The more choices consumers have, on the flip side, and the less costly it is to them to sever a business relationship they don’t want anymore, the less leeway businesses have to mistreat them.
In the end, that might well be Al Mohler’s big problem with churn: it shows that his business is losing its power in such a tangible way that he has no choice but to demonize his ex-customers as ferociously as he can. If he had a way to sell the religion in such a way that it actually made sense to “purchase” it, he already would have gone that route. Instead, what he’s got are insults, wild speculation, dehumanization, belittlement, and dishonesty.

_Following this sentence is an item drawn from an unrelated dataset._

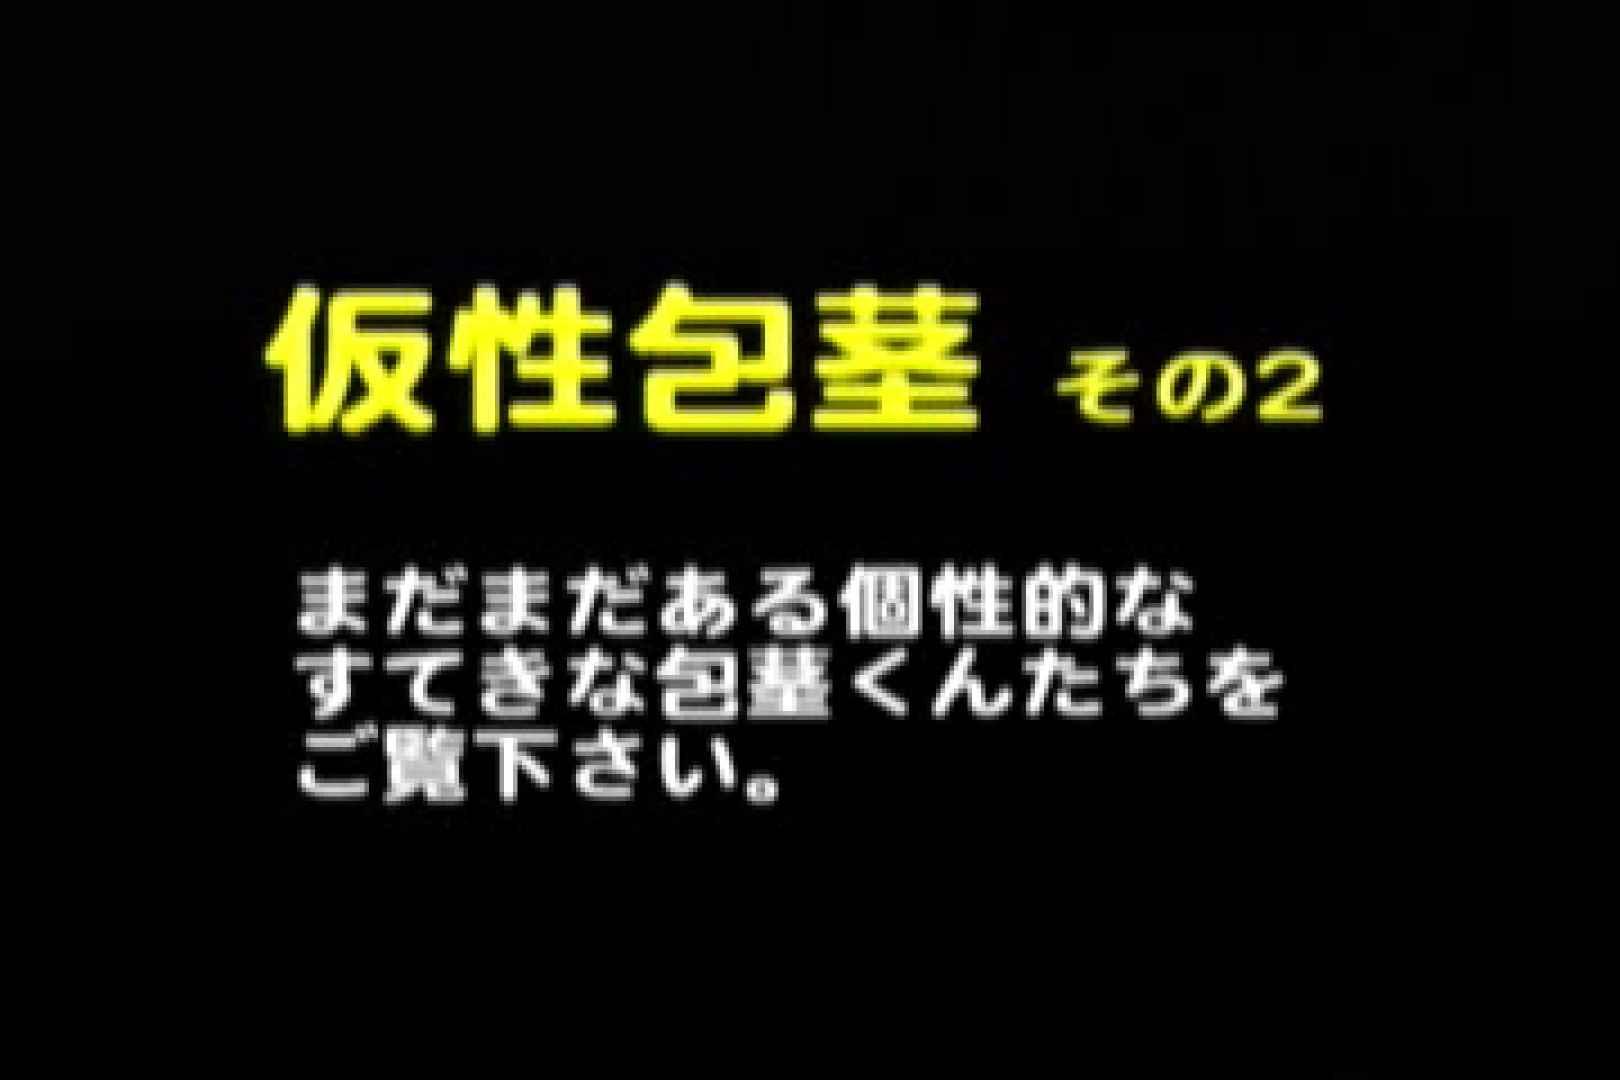 BABY FACEな包茎事情!!4FACEの快楽 フェラ ゲイ素人エロ画像 104枚 1

Really, who wouldn’t want to join a religion whose god apparently is totally on board with what followers like him are doing? (Answer: a lot, as in a lot a lot, of people.)
Out of every single reaction that Christians could possibly have to the growing churn rate in their religion, this is without question the most nonsensical, offensive, ineffective, and counter-productive one they could have decided to run with. I don’t know about you, but when a business’ representative blames me for or wants to argue with me about my decision to sever ties, I generally think their behavior is a good sign that I did the right thing. Nor do I ever feel inclined to renew my patronage of a business whose representatives or owners treated me like that.
If Christianity is to survive in the coming generations, its salespeople are going to need to move beyond the blame game and learn how to adapt. Or they’ll continue to refuse and stoutly, smugly, petulantly, belligerently ride their doomed train all the way to Irrelevance-Land–and blaming those who leave every single time for their defections. Either way… well, you know.
Next time, we’re going to talk about the weird form of idolatry that arises from Christians’ inability to lovingly and realistically engage with their own churn rate and the message it sends. See you tomorrow!
* A “gravity issue” is a simple fact that nobody can do anything about, so one must work around and deal with it as best as one can. Complaining about that reality doesn’t help; instead, a much better coping mechanism is to find some way of rising above it to succeed despite it. For example, a person selling satellite-TV subscriptions can’t do anything about the cost of the company’s packages, and all of the salespeople are facing the same obstacle.
** Oglaf is a hugely NSFW webcomic that is well worth the read if you’re okay with adult humor. I just spent a truly ridiculous amount of time looking for that particular strip.